TO APPROVE, ON AN ADVISORY BASIS, THE COMPENSATION OF THE BANK’S EXECUTIVE OFFICERS

 

In accordance with the Dodd-Frank Wall Street Reform and Consumer Protection Act (the “Dodd-Frank Act”) enacted in 2010, an advisory vote on the frequency of stockholders votes on executive officers’ compensation was first conducted in connection with the 2011 Annual Meeting of Shareholders. The Board recommended, and the Bank’s shareholders agreed, that the advisory vote on executive compensation be held on an annual basis. Accordingly, the Bank is providing shareholders with an advisory vote on compensation programs for the Bank’s executive officers (sometimes referred to as “say on pay”). This vote is not intended to address any specific item of compensation, but rather the overall compensation of the Bank’s executive officers as described in this proxy statement.

 

This vote is nonbinding. The Board and the Nomination and Compensation Committee, which is comprised of independent directors, expects to take into account the outcome of the vote when considering future executive officers’ compensation decisions to the extent they can determine the cause or causes of any significant negative voting results.

 

As described in detail under “Compensation of Executive Officers and Directors,” the Bank’s compensation programs are designed to attract, motivate and retain highly qualified executive officers who are able to achieve corporate objectives and create stockholder value.
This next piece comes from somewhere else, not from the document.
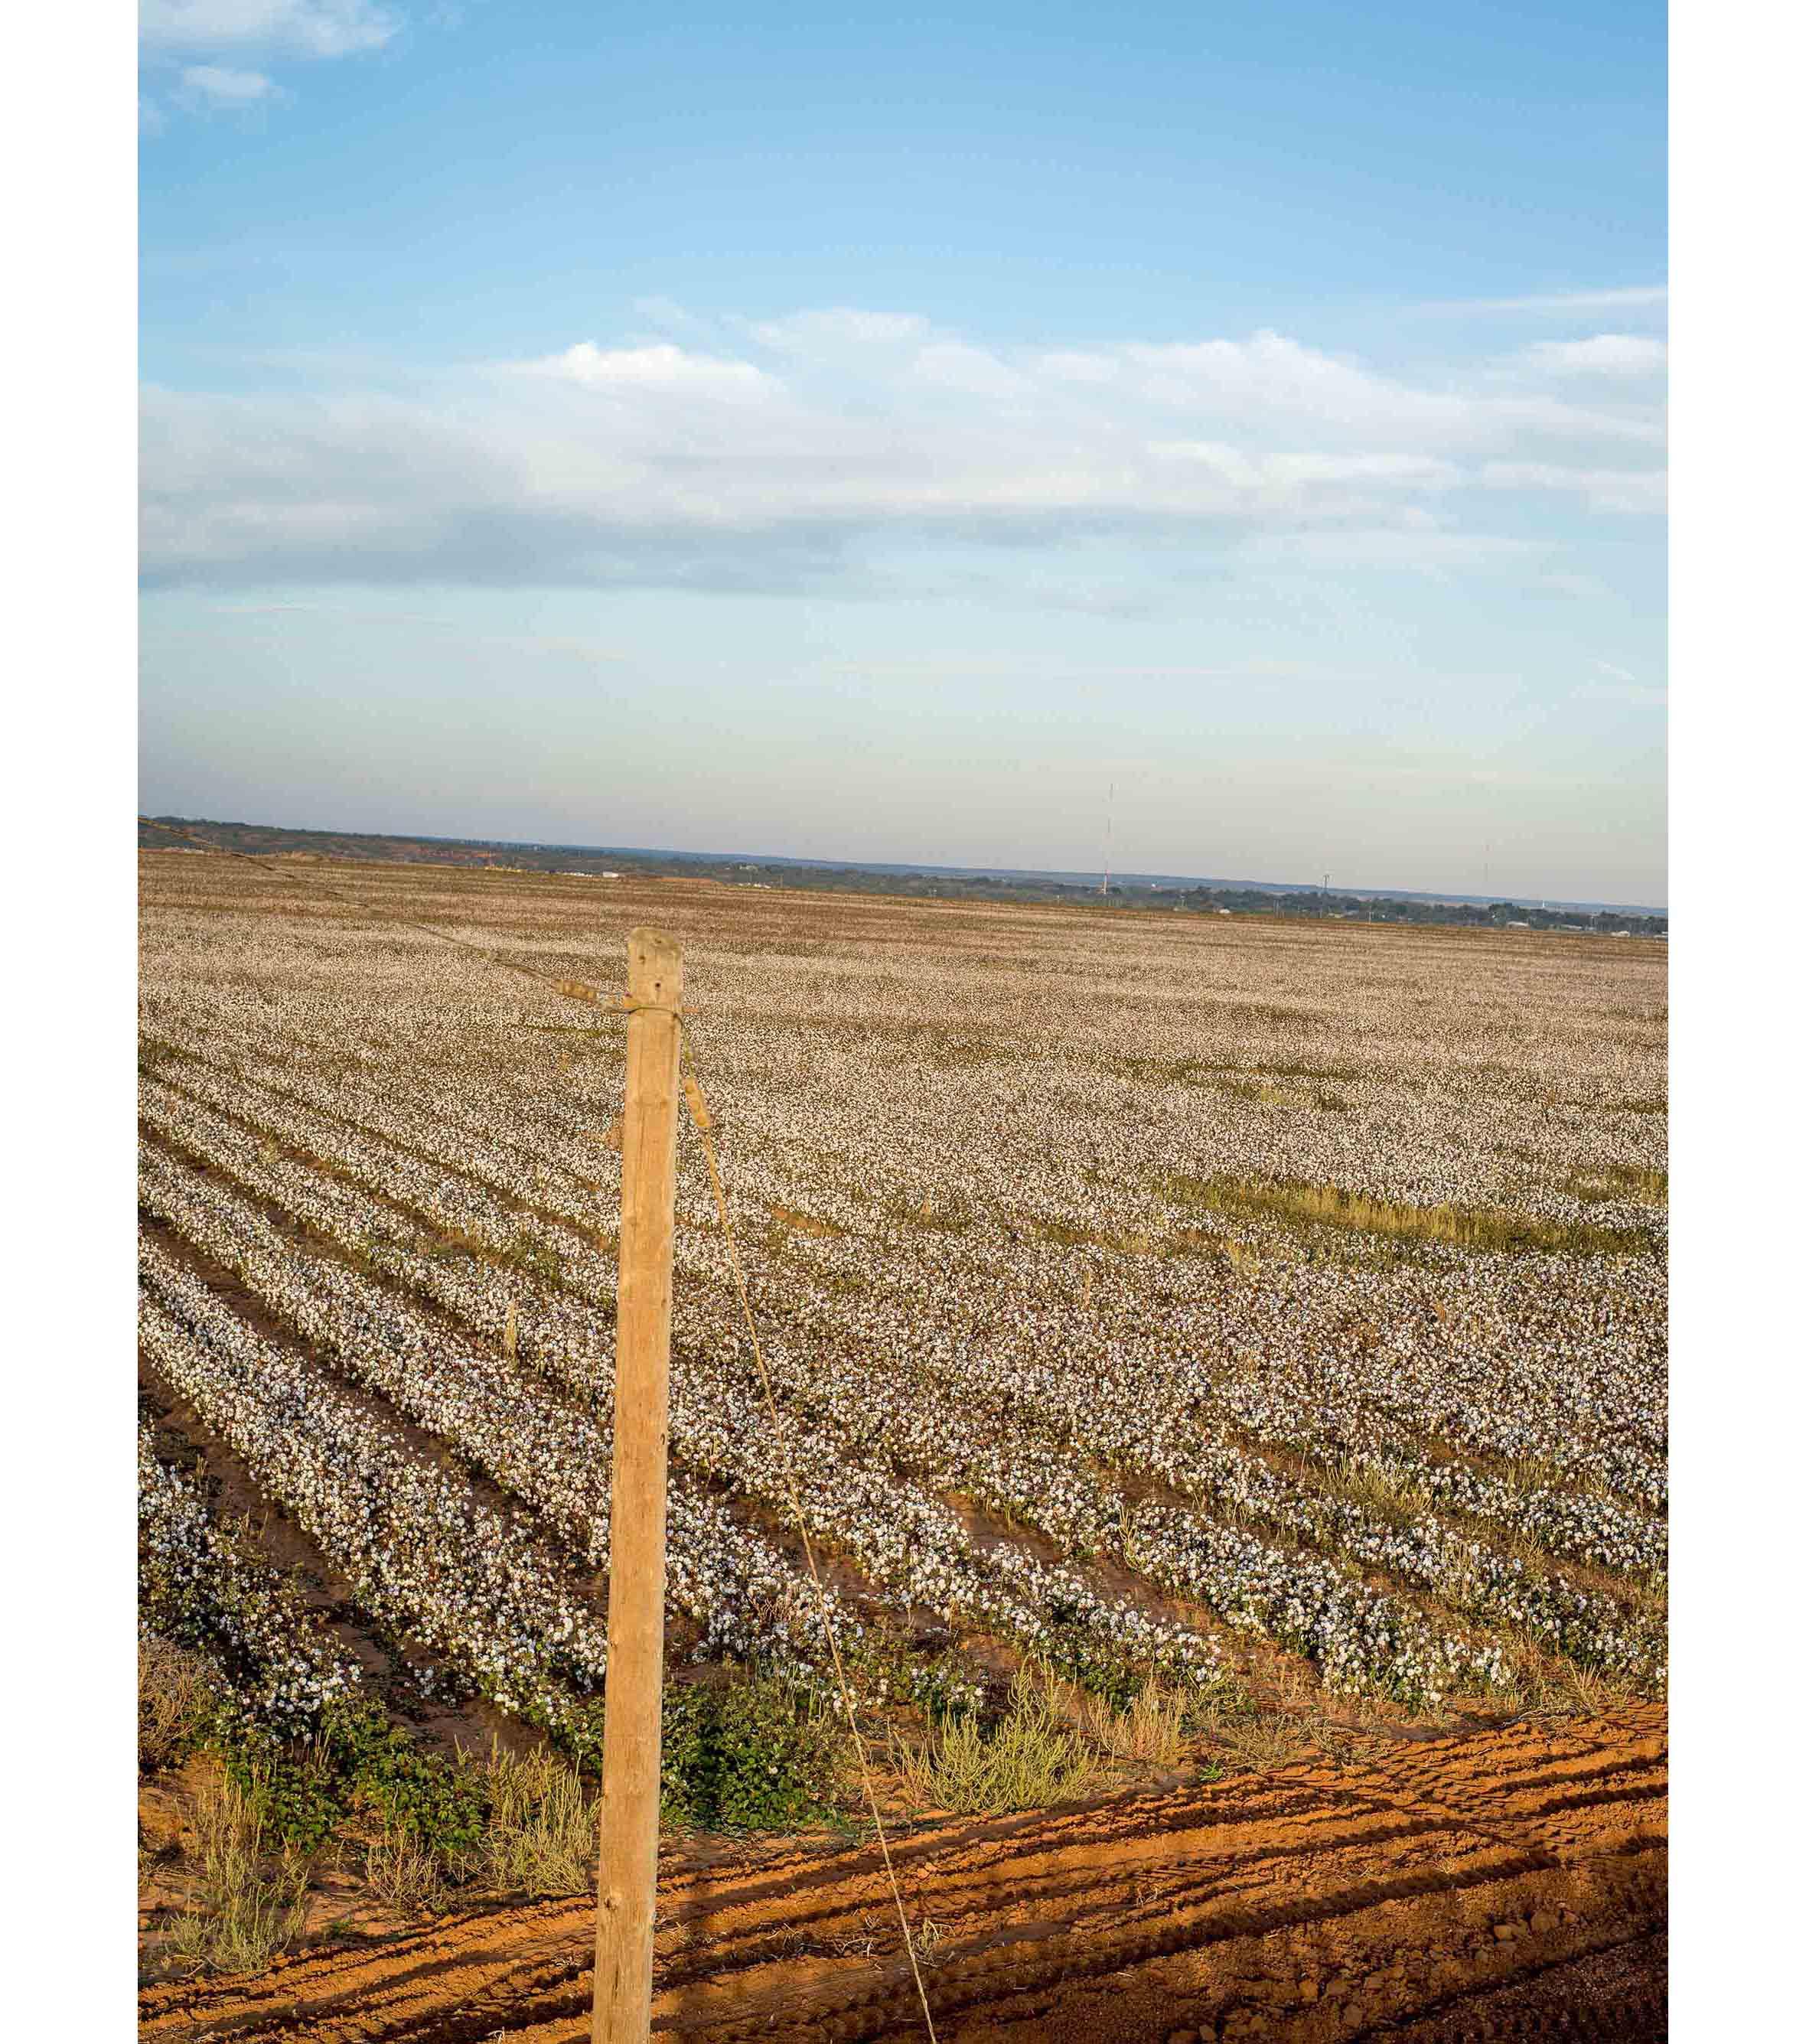 Cottonfields14.jpg
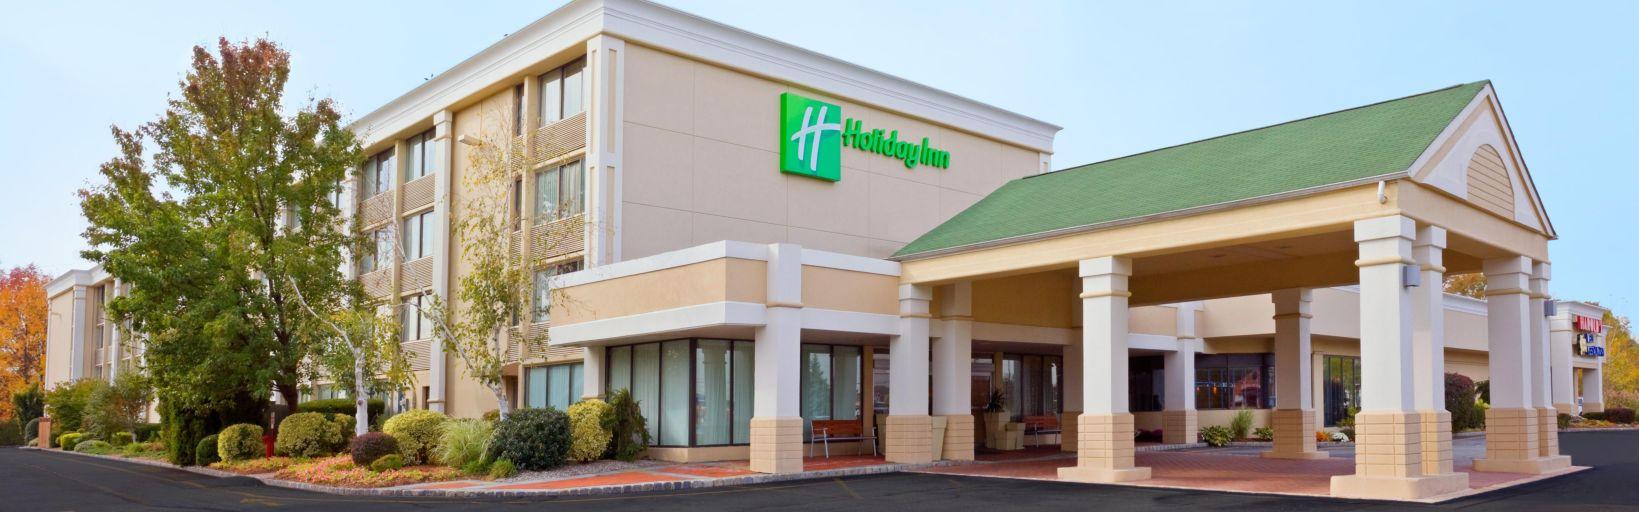 Hotels Near Freehold Nj

Equity compensation in the form of stock options and restricted stock units that are subject to further time-based vesting is a significant component of executive compensation. We believe that our compensation programs, with their balance of short-term incentives (including cash bonus awards) and long-term incentives (including equity awards that vest over four and up to five years) reward sustained performance that is aligned with long-term shareholder interests. Shareholders are encouraged to read “Compensation of Executive Officers and Directors” and the related narrative disclosure.

 

For the reasons outlined above, and further described and explained elsewhere in this proxy statement, we believe that our executive compensation program is well-designed, appropriately aligns executive pay with the Bank’s performance and incentivizes desirable behavior. Accordingly, we are asking you to endorse our executive officers’ compensation program by voting for the following resolution:

 

“Resolved, that the shareholders approve, on an advisory basis, the compensation of the Bank’s executive officers as disclosed in the “Compensation of Executive Officers and Directors” section in this Proxy Statement.”

 

THE BOARD OF DIRECTORS UNANIMOUSLY RECOMMENDS THAT YOU VOTE FOR THE FOREGOING RESOLUTION FOR THE REASONS OUTLINED ABOVE.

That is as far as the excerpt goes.